Condition and Covenant
The obligation of the Issuer to consummate the Repurchase shall be subject to the condition that the Issuer shall have received net proceeds from the issuance of its debt securities or the debt securities of its parent company (the “Financing”) in an aggregate amount sufficient to Repurchase all of the Notes to be purchased by it hereunder. The Issuer commits to use commercially reasonable efforts to obtain the proceeds of the Financing on or prior to March 31, 2011. In the event that the Closing of the Repurchase shall not have occurred on or prior to March 31, 2011, this Agreement shall terminate and be of no further force and effect.
Section 4.
Expenses
Whether or not the transactions contemplated by this Agreement are consummated, the Issuer agrees to pay all reasonable out-of-pocket expenses of the Sellers and their counsel incurred in connection therewith.
Section 5.
Miscellaneous
1. Capitalized terms used herein without definition shall have the meanings assigned to them in the Indenture.

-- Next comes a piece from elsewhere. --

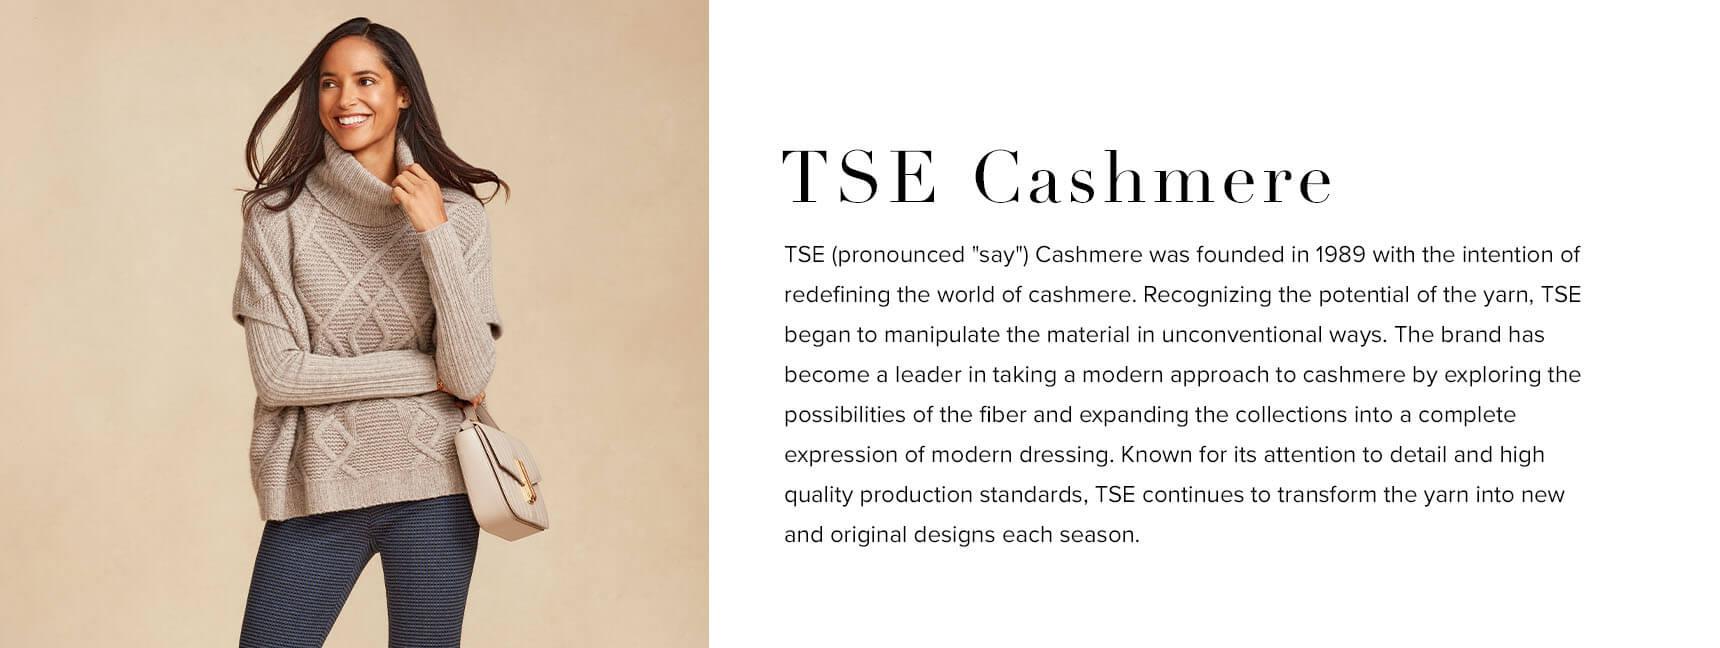 TSE Cashmere

2. This Agreement may be signed in various counterparts, which together will constitute one and the same instrument. Each signed copy shall be an original, but all of them together represent the same agreement.
3. In case any one or more of the provisions in this Agreement shall be held invalid, illegal or unenforceable, in any respect for any reason, the validity, legality and enforceability of any such provision in every other respect and of the remaining provisions shall not in any way be affected or impaired thereby, it being intended that all of the provisions hereof shall be enforceable to the full extent permitted by law.

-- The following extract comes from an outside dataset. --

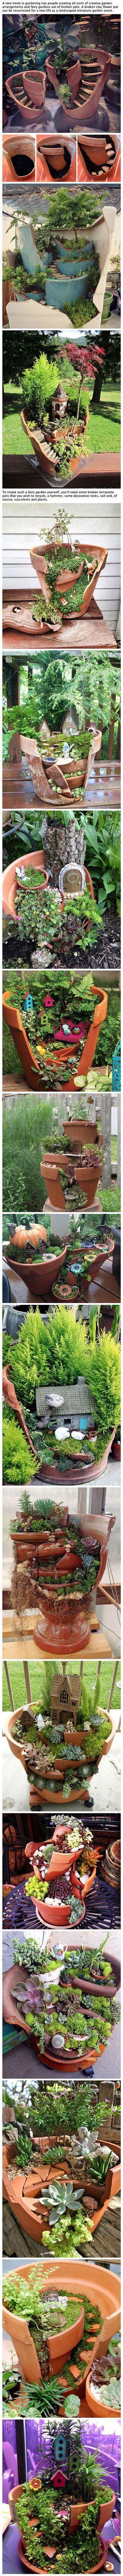 Broken pots turned into beautiful fairy gardens my designs in

4. The Sellers (i) agree to cooperate with the Issuer to facilitate the transfer of record ownership of the Notes to be repurchased by the Issuer hereunder with DTC and the Trustee, and (ii) understand and acknowledge that the Issuer may seek to repurchase and/or redeem any Notes that remain outstanding after consummation of the transactions contemplated by this Agreement; provided that from the date hereof until thirty days after the Closing the Issuer will not repurchase and/or redeem any such Notes at prices that exceed the Repurchase Price.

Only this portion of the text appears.